So, how do we acquire an understanding of what is
salient, which becomes integral to our schemas? Certainly,
we develop schemas individually, as they are part of our
cognitive networks. But we also develop cultural schemas,
which are those schemas we co-develop with others. The
notion of what becomes salient often depends on our sociocultural interactions with others, though it may also arise
out of purely personal experience as when encounter something that is about to cause us injury. The co-development of
schemas does not require people to have the same experiences
at the exact same time and place, but rather that they experience the same general patterns. Our experiences as agents in
the world are organized in ways that ensure ease of interaction, coordination of activities, and collaborative interaction.
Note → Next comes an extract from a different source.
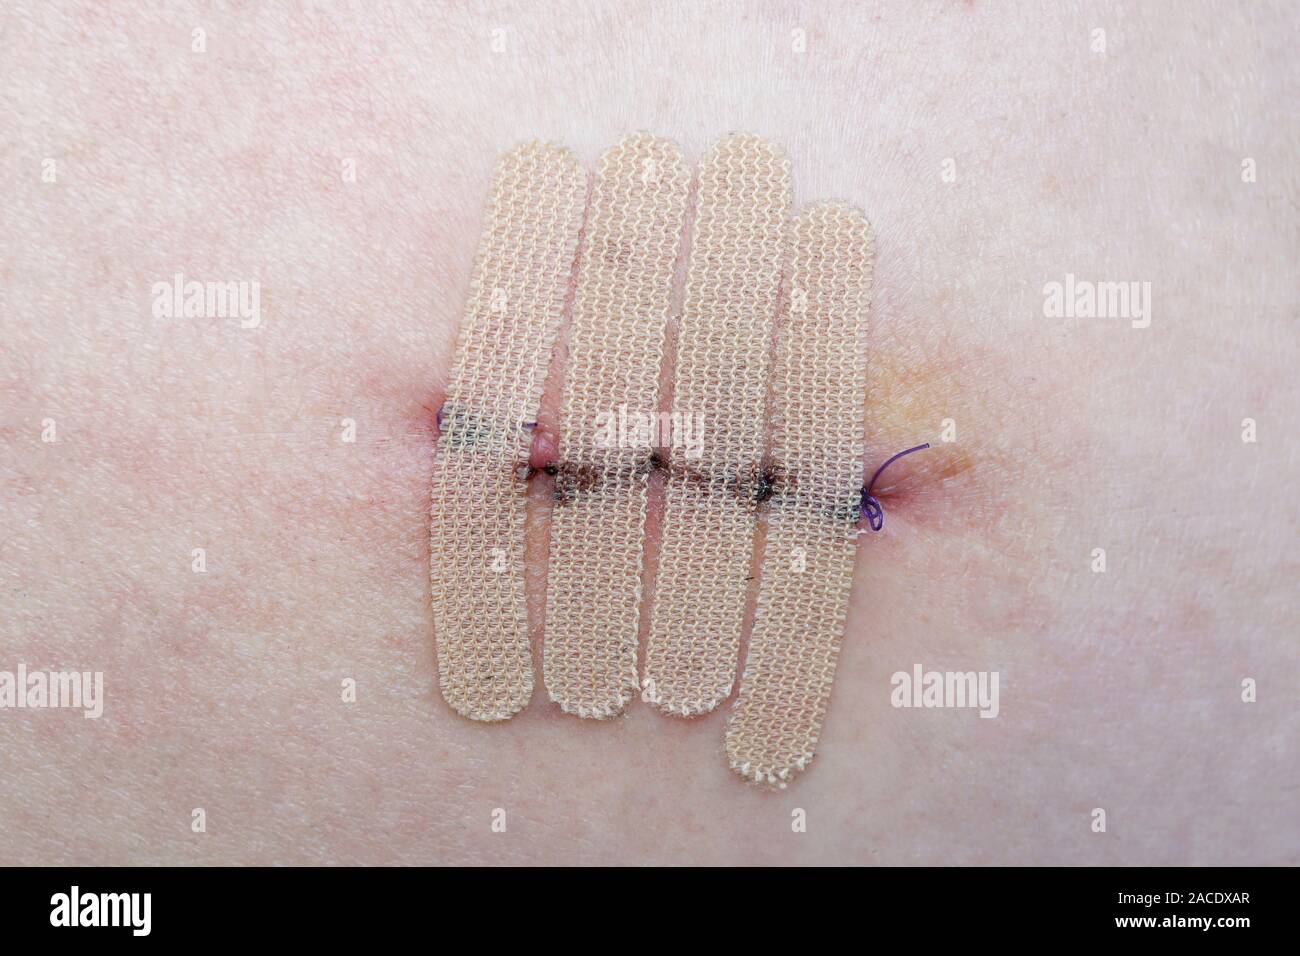 Close-up de la piel humana con sutura y cierre de la herida quirúrgica o tiras de cinta después de mole o biopsia del melanoma Foto de stock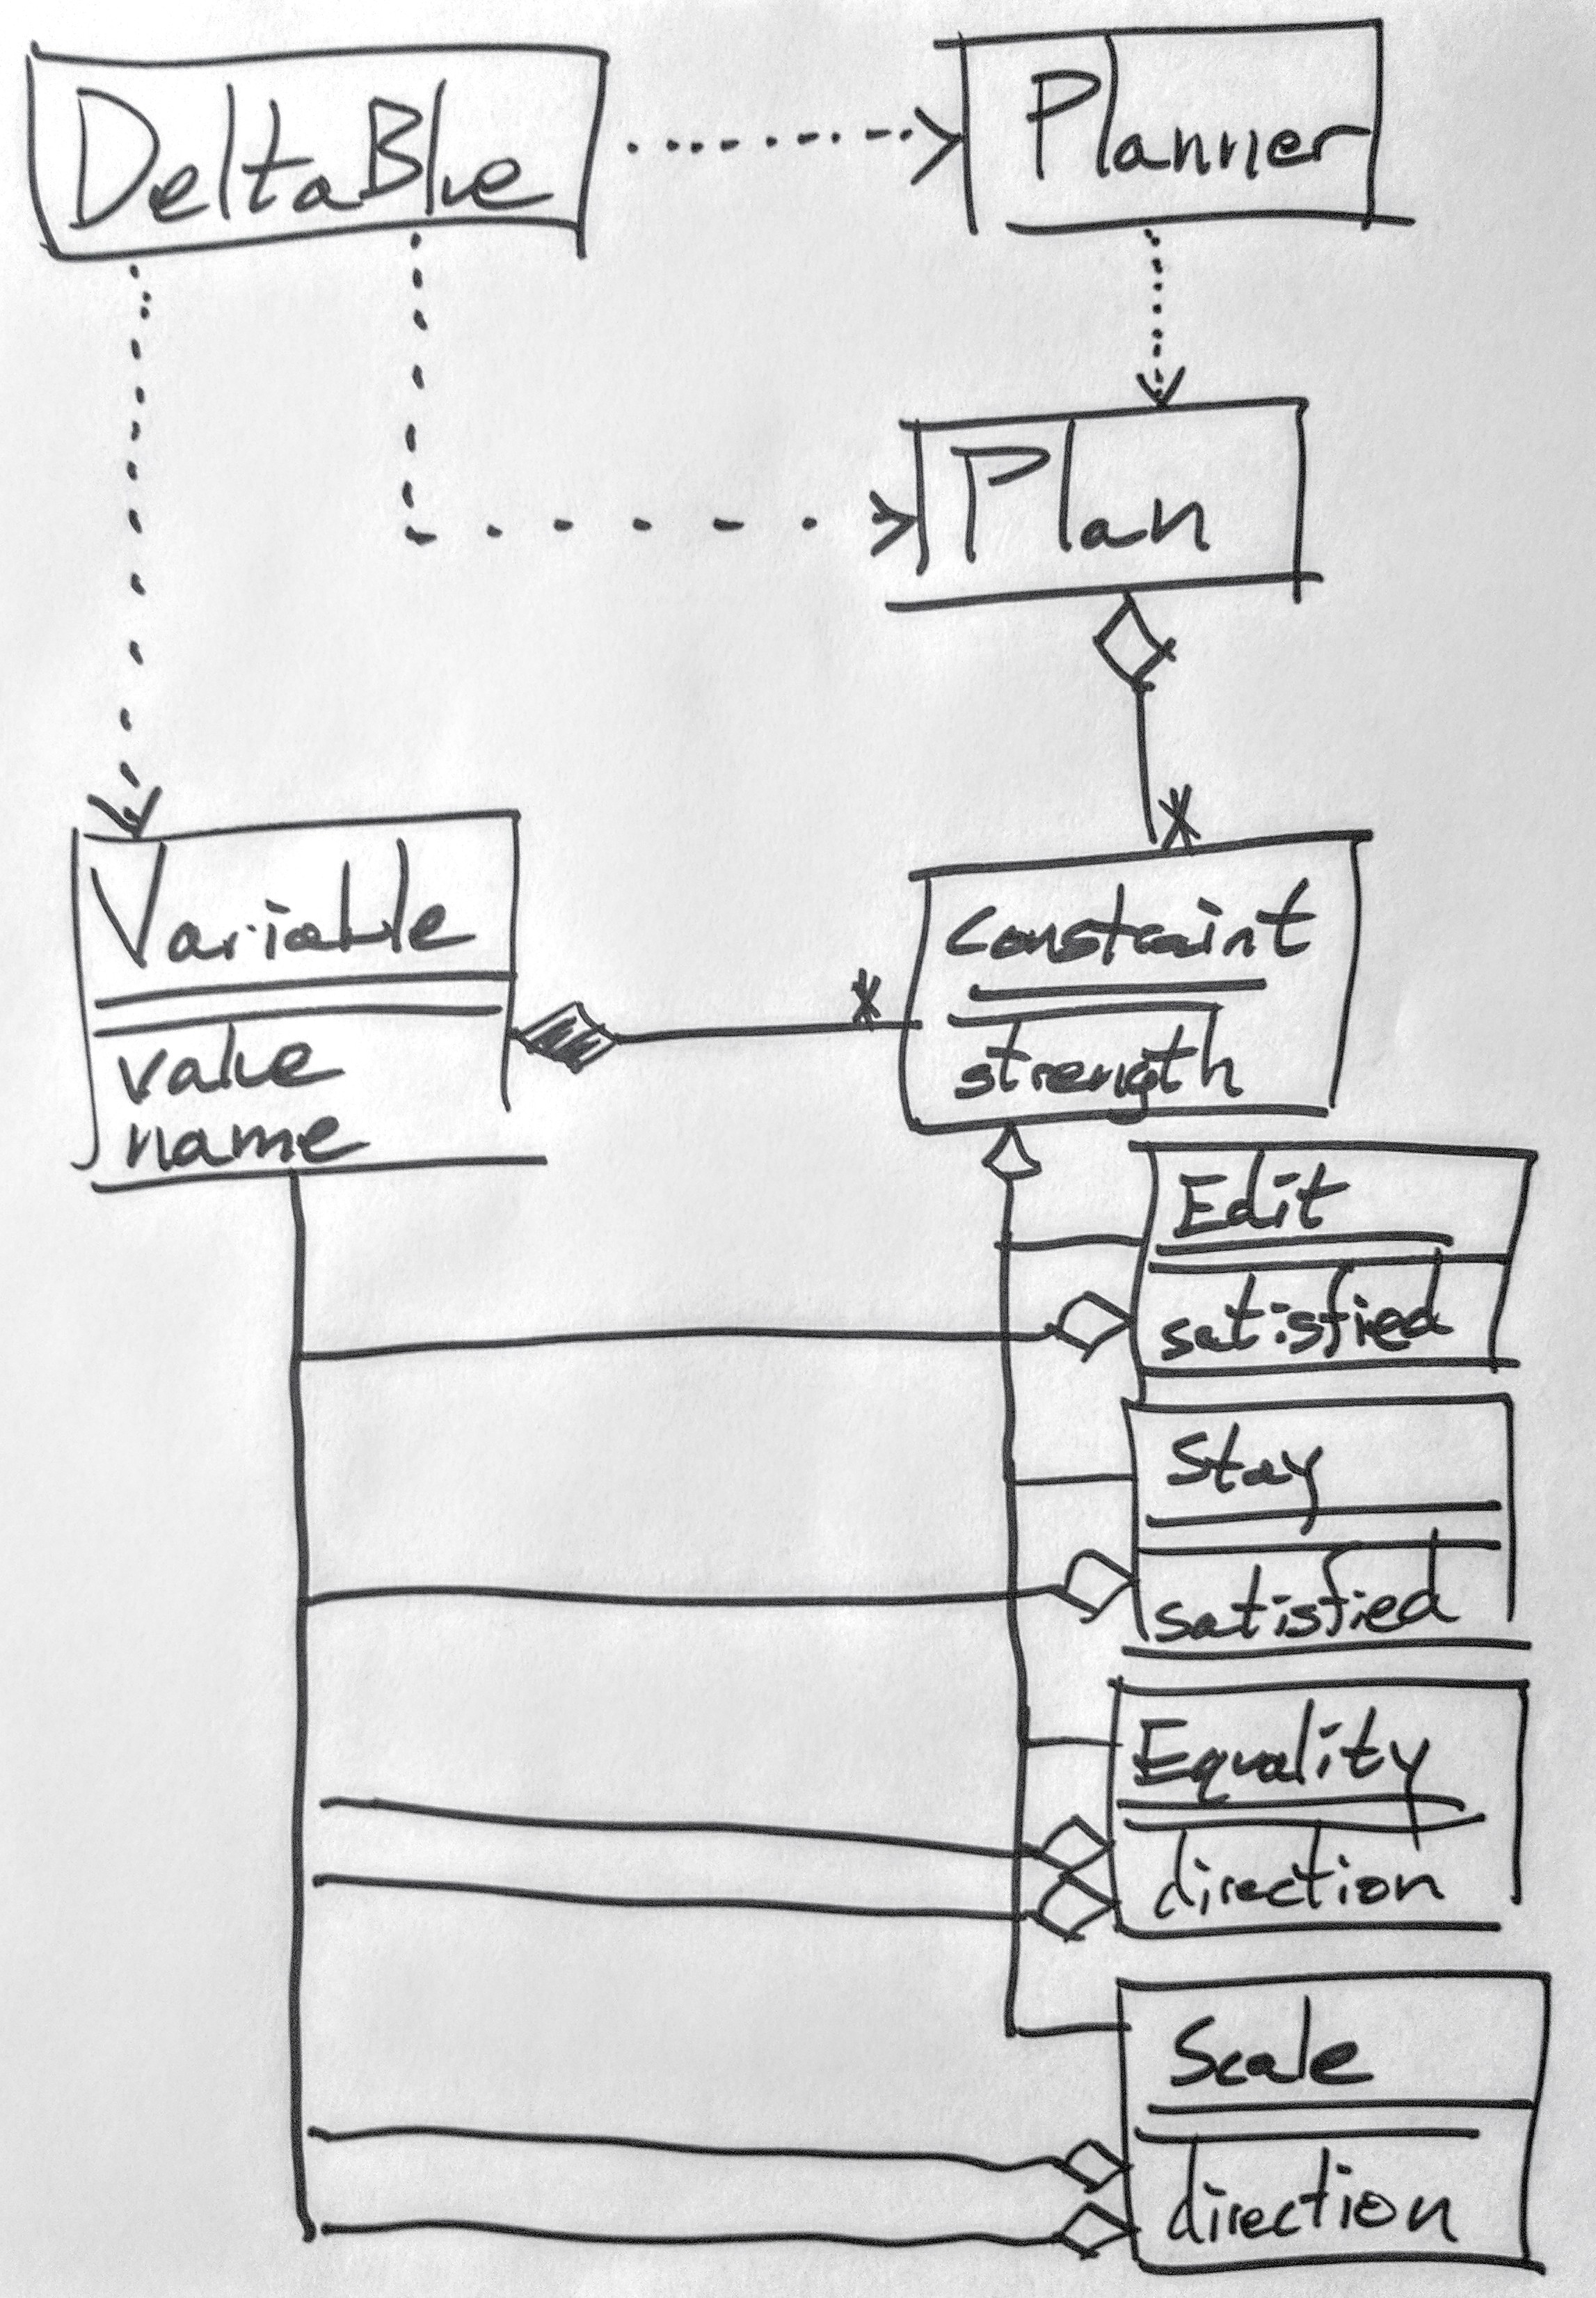 organized UML diagram of DeltaBlue

Because of this fact, people in the same social environment
will indeed experience many of the same typical patterns and
interpret them in a similar way. In experiencing the same general patterns, people will come to share the same common
understandings and exhibit similar emotional and motivational responses and behaviors. However, because we are
also individuals, there can be differences in the feelings and
motivations evoked by the schemas we hold. “The learner’s
emotions and consequent motivations can affect how strongly
the features of those events become associated in memory”
(Strauss & Quinn, 1997, p. 133). Individuals will engage the
external world structures and experience the same general
patterns. Similar stimuli and experiences will activate similar schemas. It is in that sense that we considered them shared
schemas. It‘s their quality of sharedness that makes them a
dimension of the cultural.
It is this process of creating a mutual cultural understanding of patterns within our experience that we call meaning
making. It is sense making on a sociocultural level, where the
awareness of others’ knowledge capacity allows us to refine
the sense of a thing into meaning (Vygotsky, 1986). Both
sense making and meaning making are aspects of the interpretative process that appears to us as an ontologization—one
allowing us to ground perceived patterns in data tied to
the physical world, and the other allowing us to reconfigure the associations of these patterns in ways that can be
communicated meaningfully in context.
From Information to Knowledge
Our capacity of meaning making is important to our understanding of information and knowledge. Knowledge is often
characterized as information plus context (Nonaka, 1994).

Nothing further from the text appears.